*Required work*.
The whole listing below should be printed again exactly, with no images.

*Given information*.
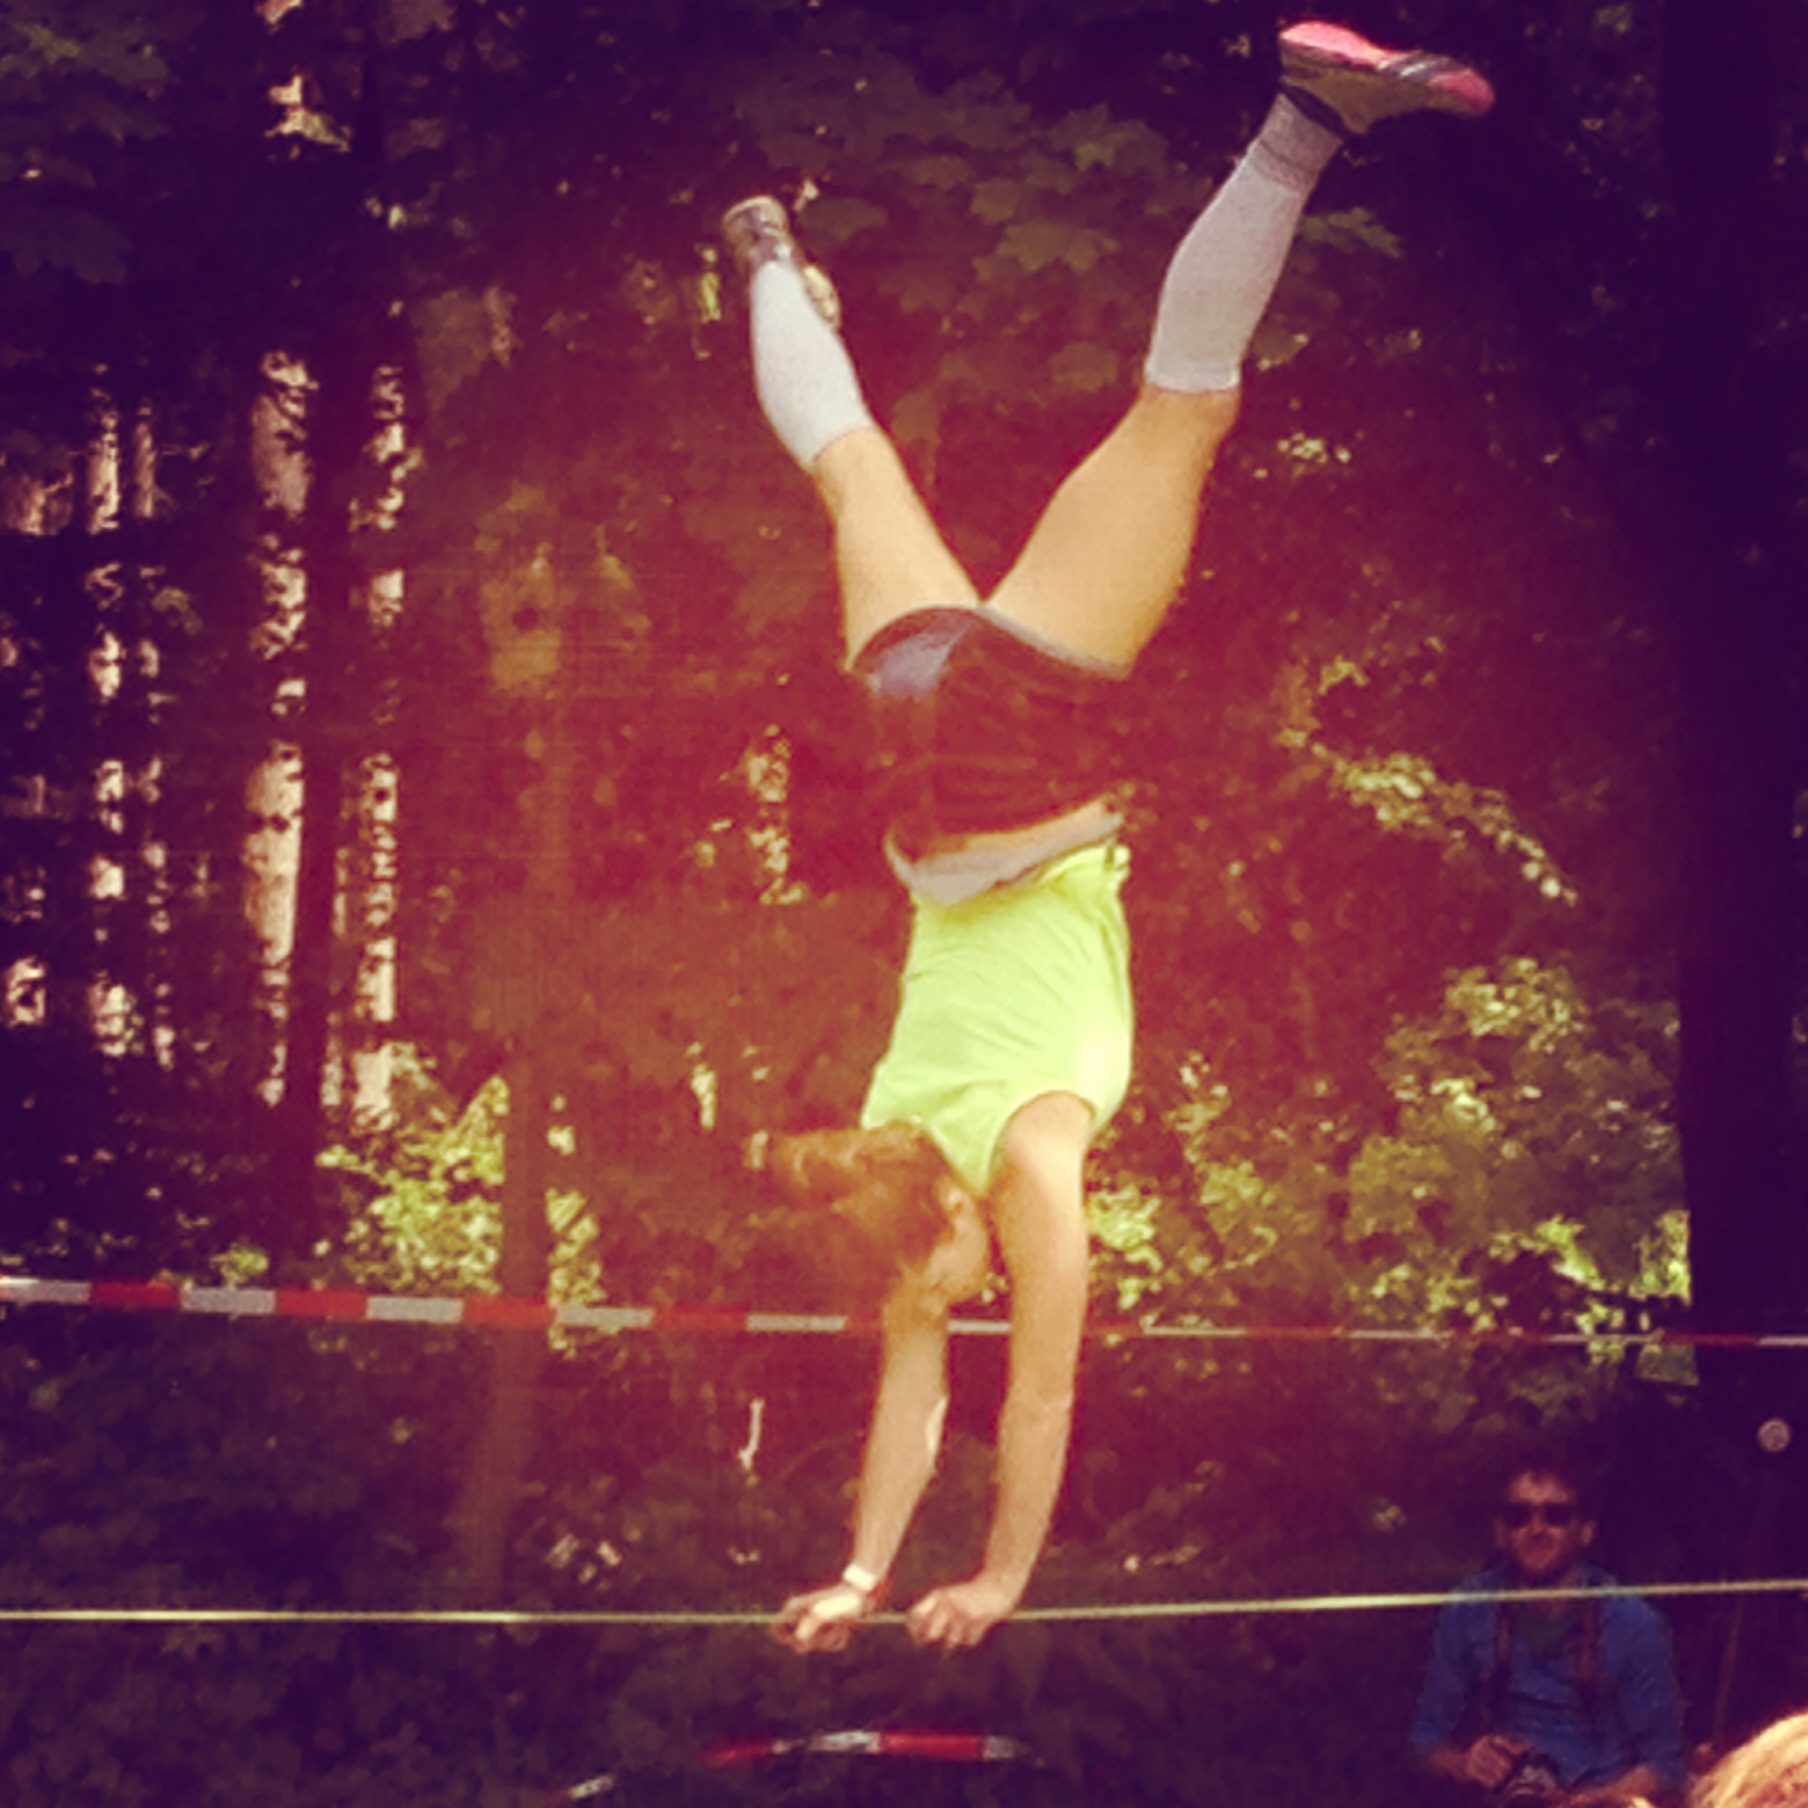 Akrobatik beim Slacklinefestival
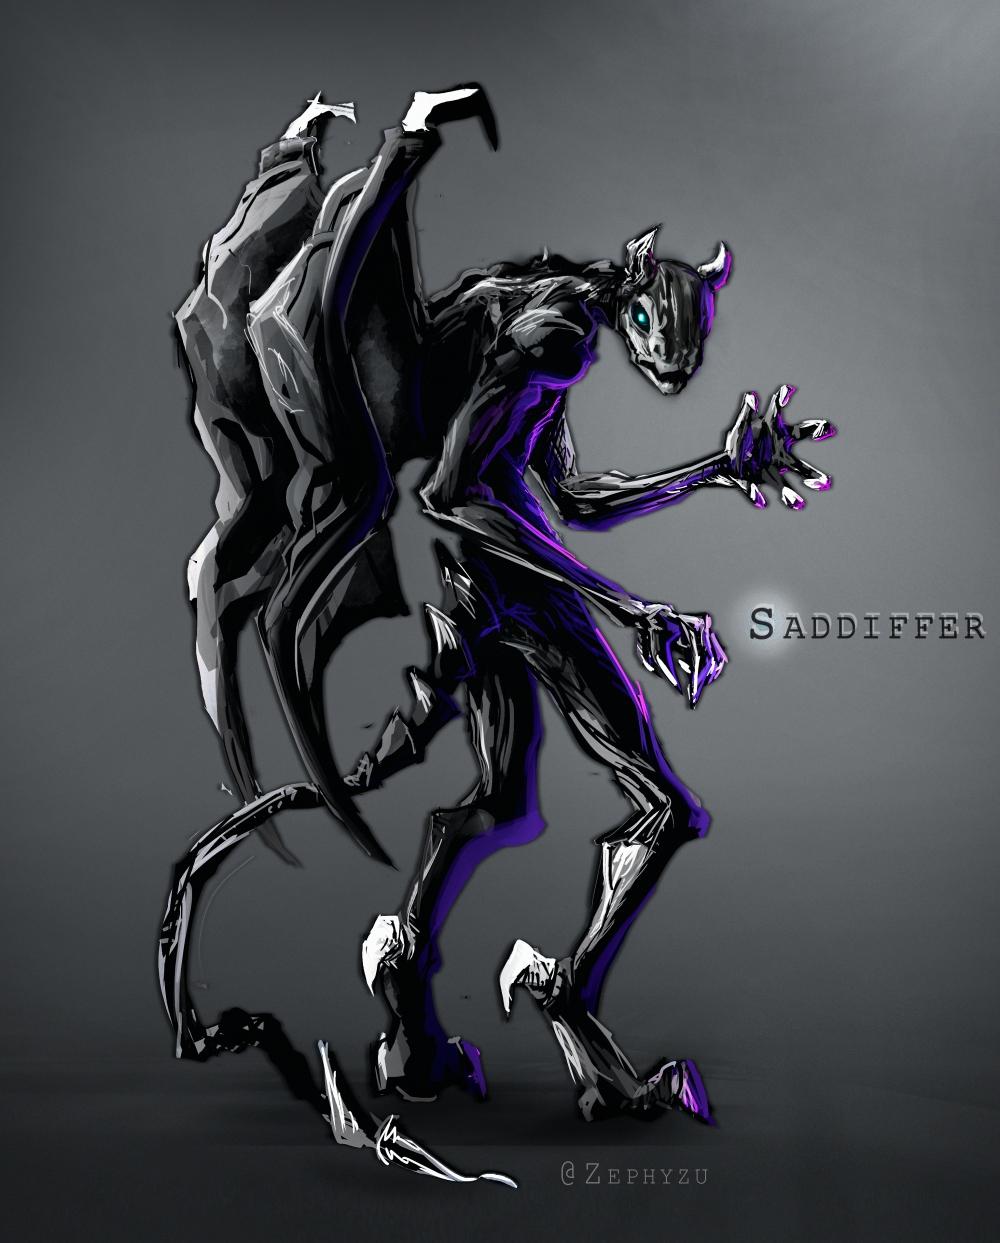 Saddiffer2
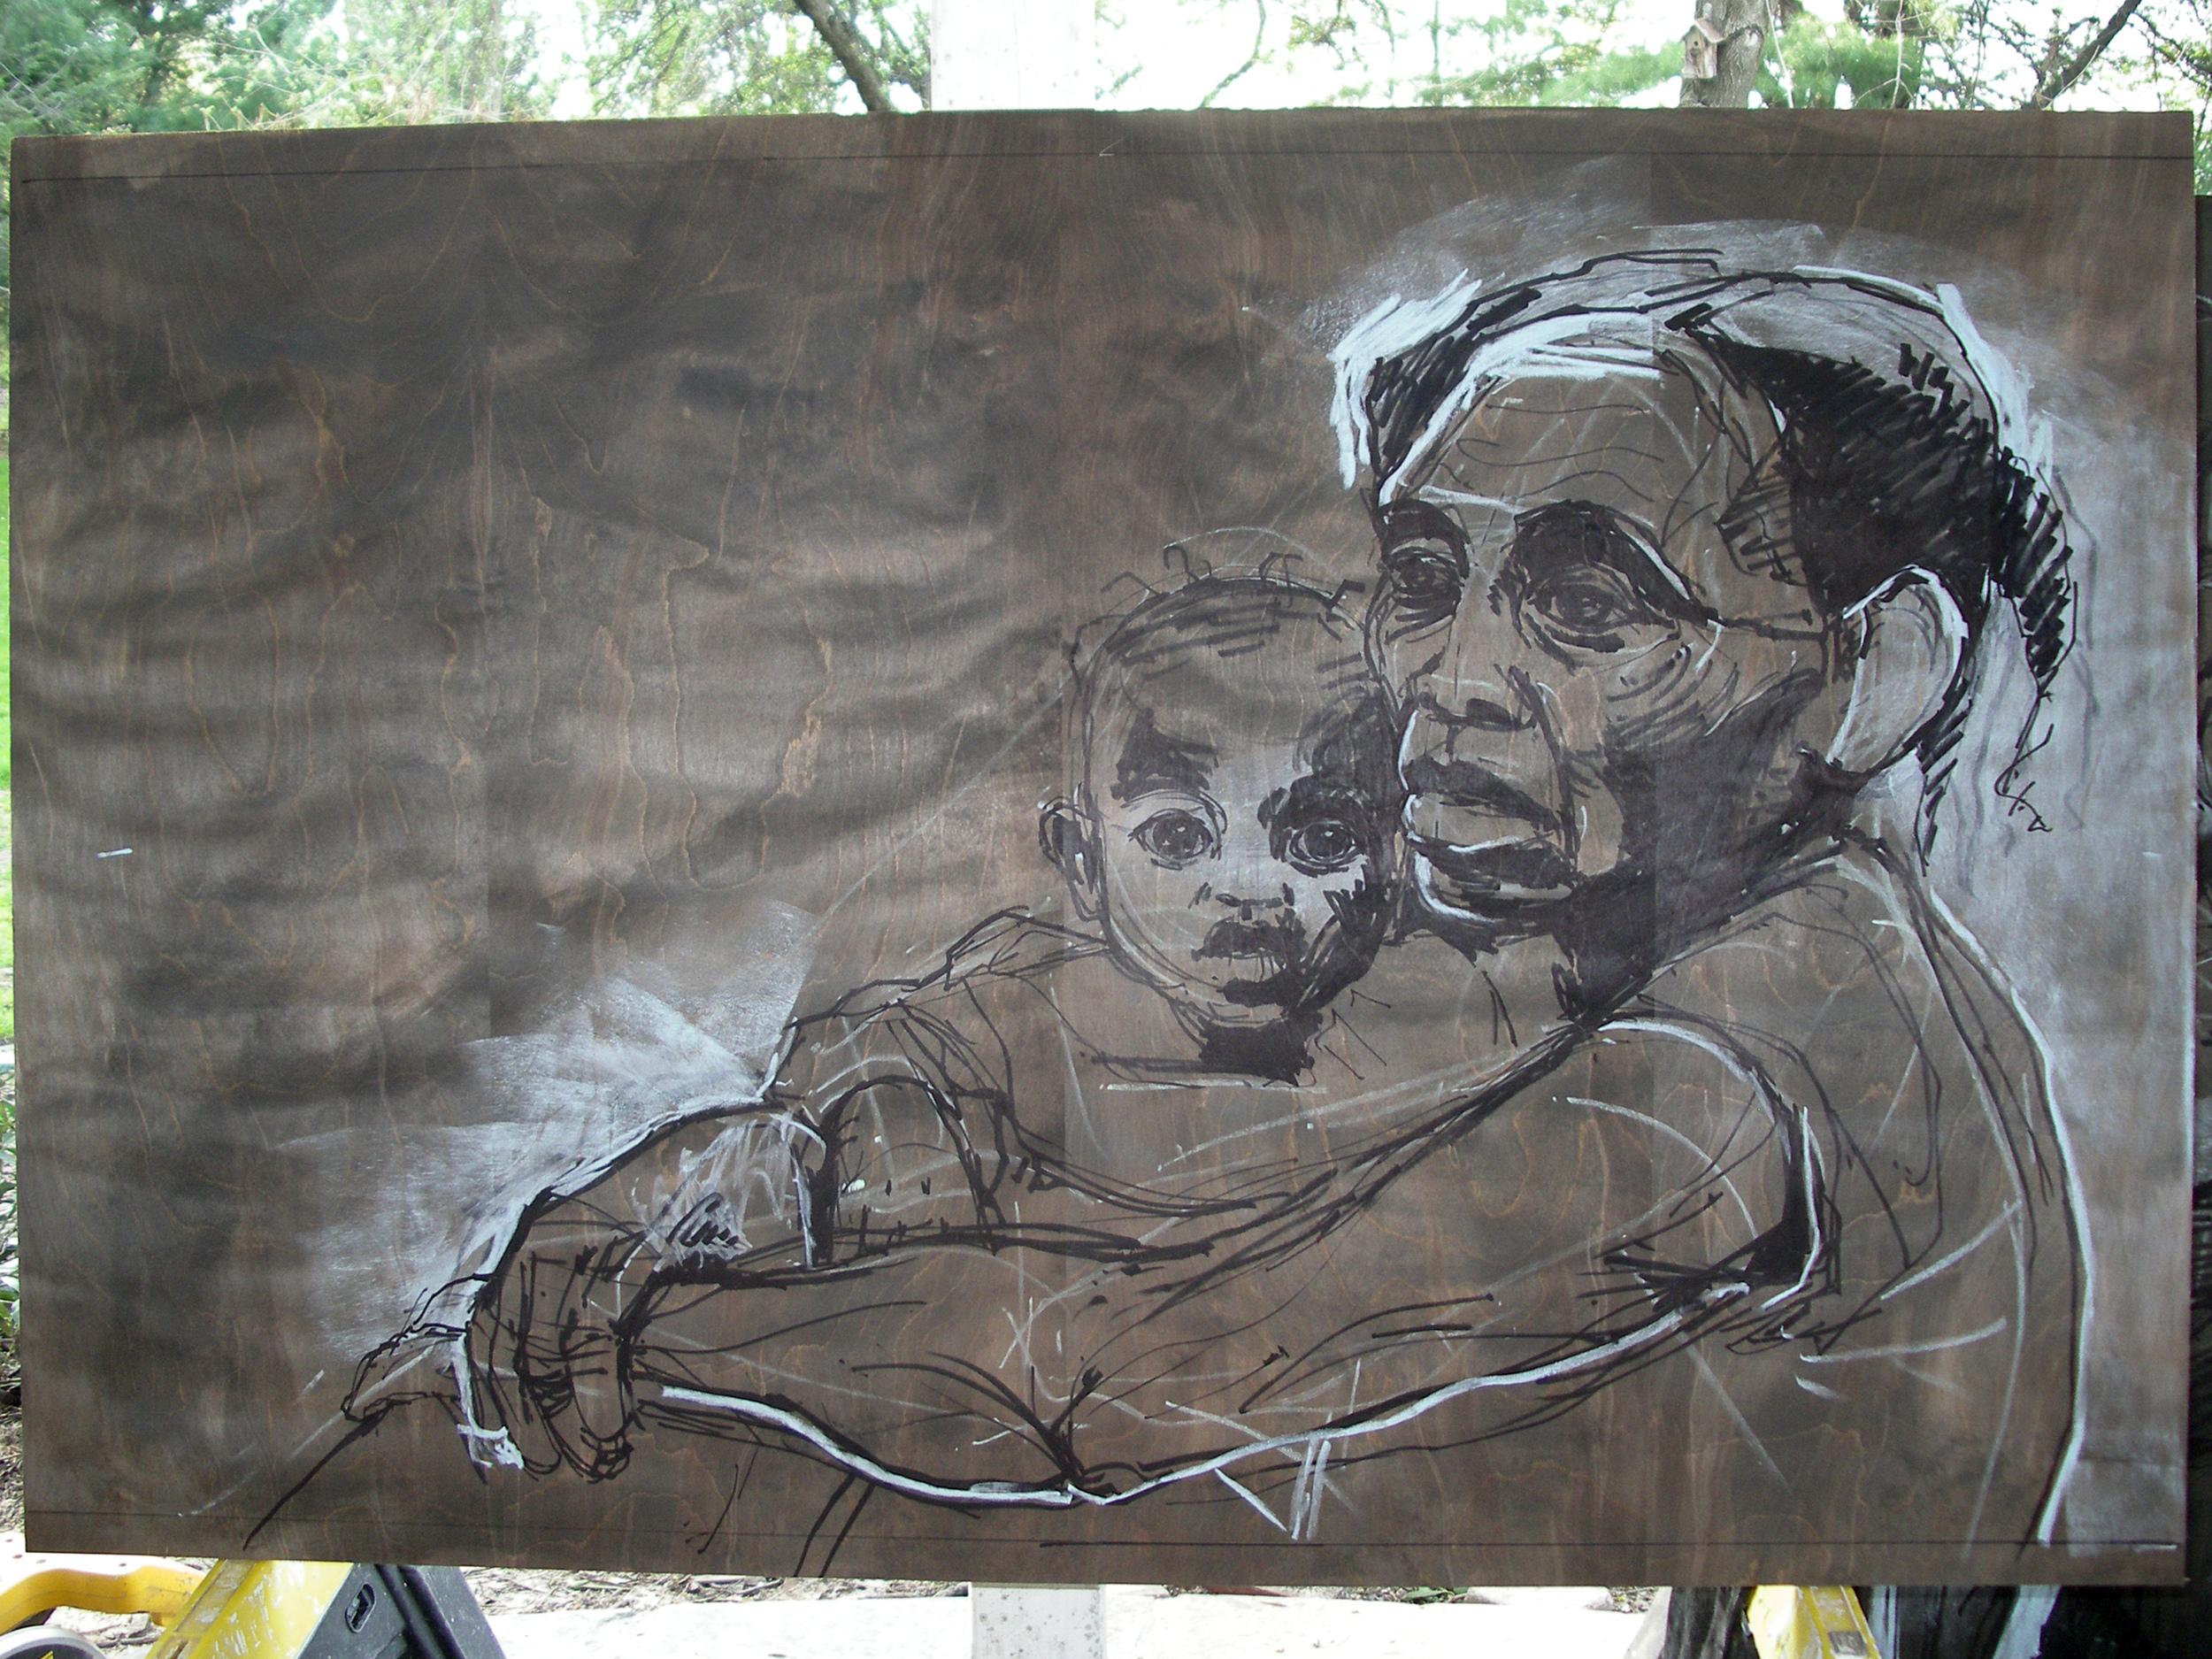 Roseline & Wadeline: Developing drawing
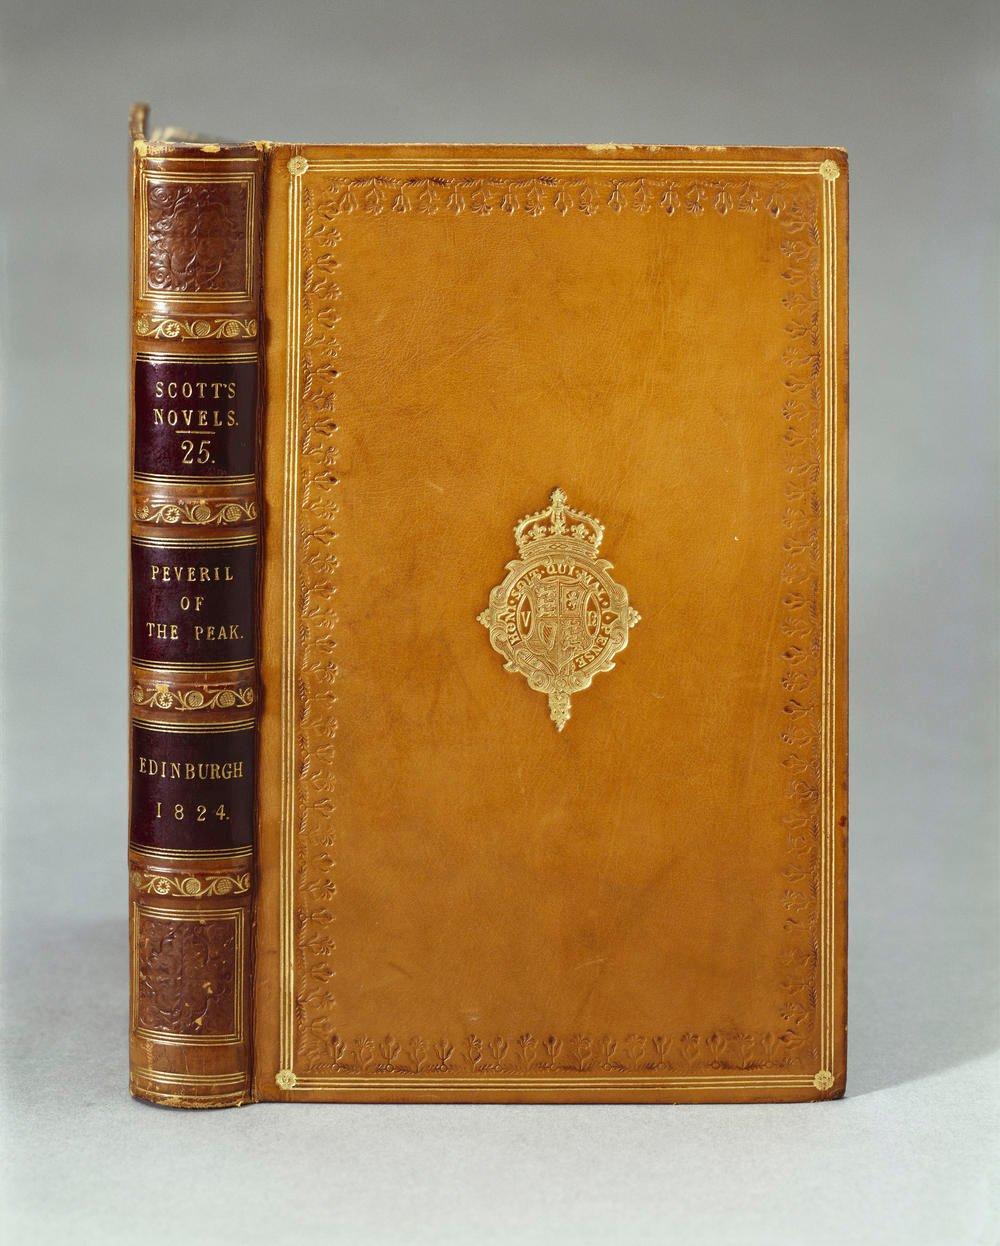 Novel by Walter Scott

*Answer box*.
 Akrobatik beim Slacklinefestival
 Saddiffer2
 Roseline & Wadeline: Developing drawing
 Novel by Walter Scott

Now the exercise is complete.